An insulin like-peptide, INS-3, bridges neural perception of stressors with intracellular defensive mechanisms in non-neuronal cells of C. elegans

Abstract

Multicellular organisms coordinate the systemic response to stress. We have shown that in C. elegans the acute-stress response activates neurons that release tyramine (TA), the invertebrate analog of adrenaline/noradrenaline. TA stimulates the DAF-2/Insulin/IGF-1 pathway and precludes the nuclear translocation of the DAF-16/FOXO transcription factor through the activation of an adrenergic-like receptor TYRA-3 in the intestine. In contrast, environmental long-term stressors reduce TA release allowing the induction of FOXO-dependent cytoprotective genes. However, how the insuline and tyraminergic pathway are linked is unknown. We here found that genetic silencing of an insulin like-peptide (ILP) (INS-3) increases the resistance to thermal and oxidative stress, reaching levels similar to tdc-1 (incapable of synthetizing TA) and tyra-3 null mutants.

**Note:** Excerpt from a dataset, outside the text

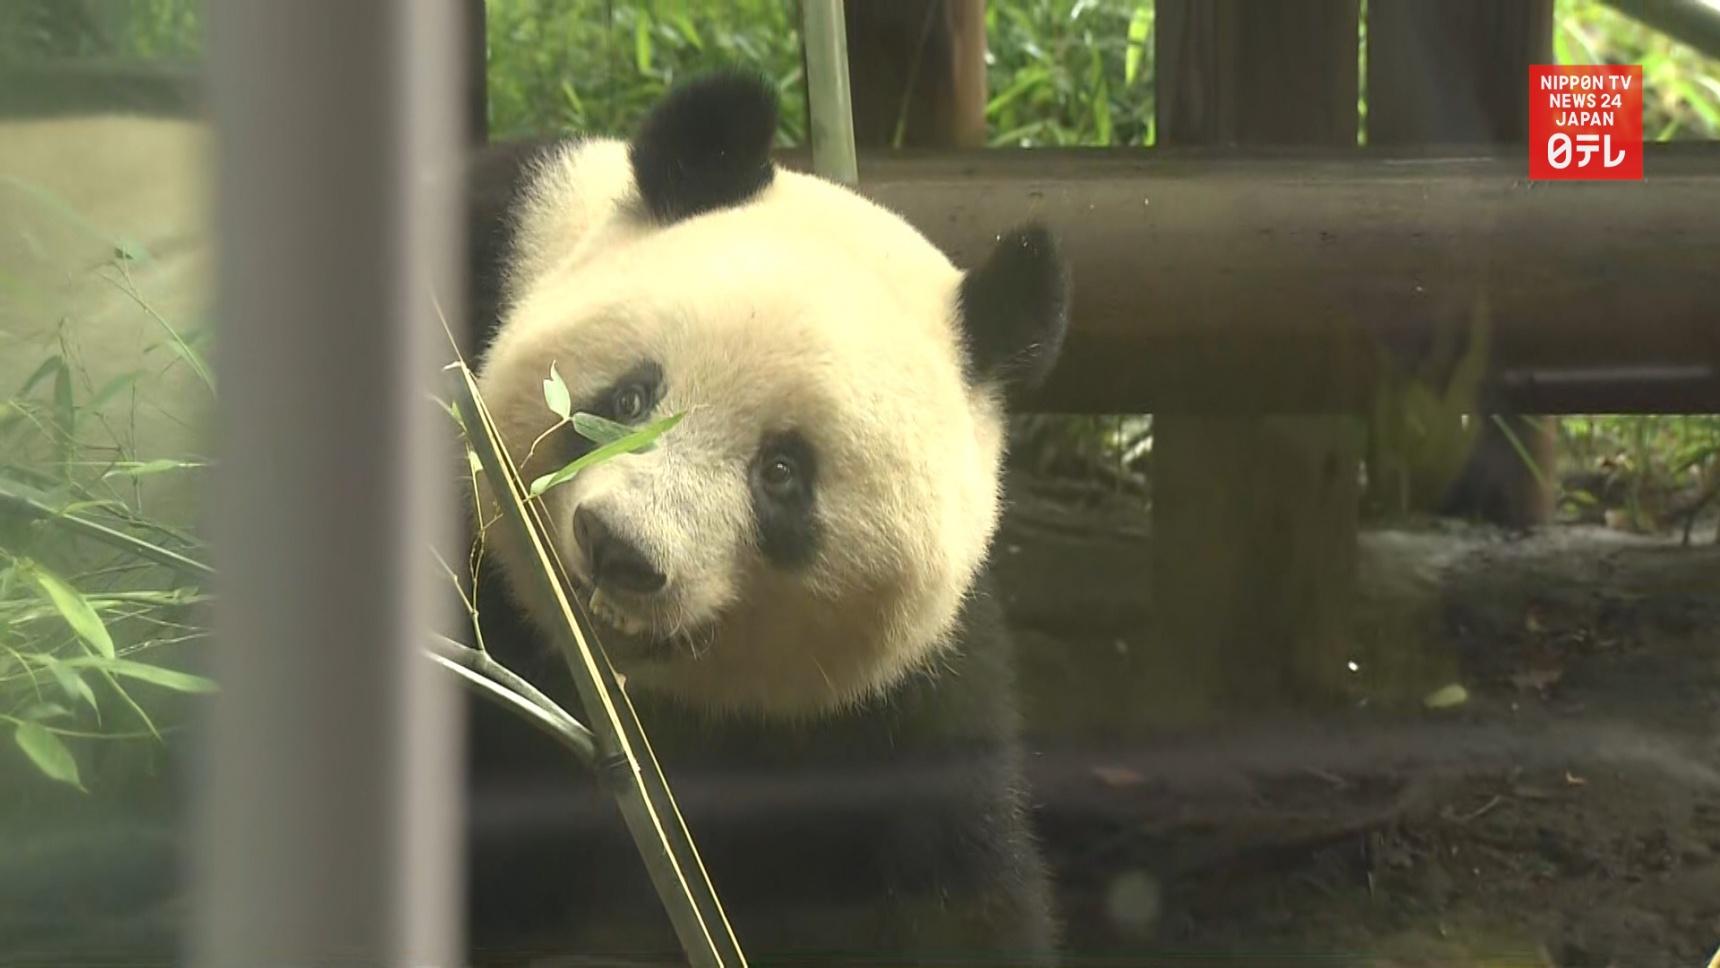 la star panda géant Xiang Xiang du zoo d'Ueno au Japon

Moreover, unlike wild type animals, exogenous TA does not impair oxidative or thermal stress resistance. In addition, double null mutants between TA- deficient and ILPs null mutants (tdc-1 or tyra-3 with ins-3 or 7) showed levels of stress resistance similar to those found in INS-3 single null mutants, suggesting genetic interaction. Intestinal expression of INS-3 rescues the resistance phenotype of INS-3 null mutants to wild-type levels. We proposed that TA released form the nervous system promotes intestinal release of ILPs, which activate DAF-2 in other cells, inhibiting the systemic stress response mediated by DAF-16/FOXO.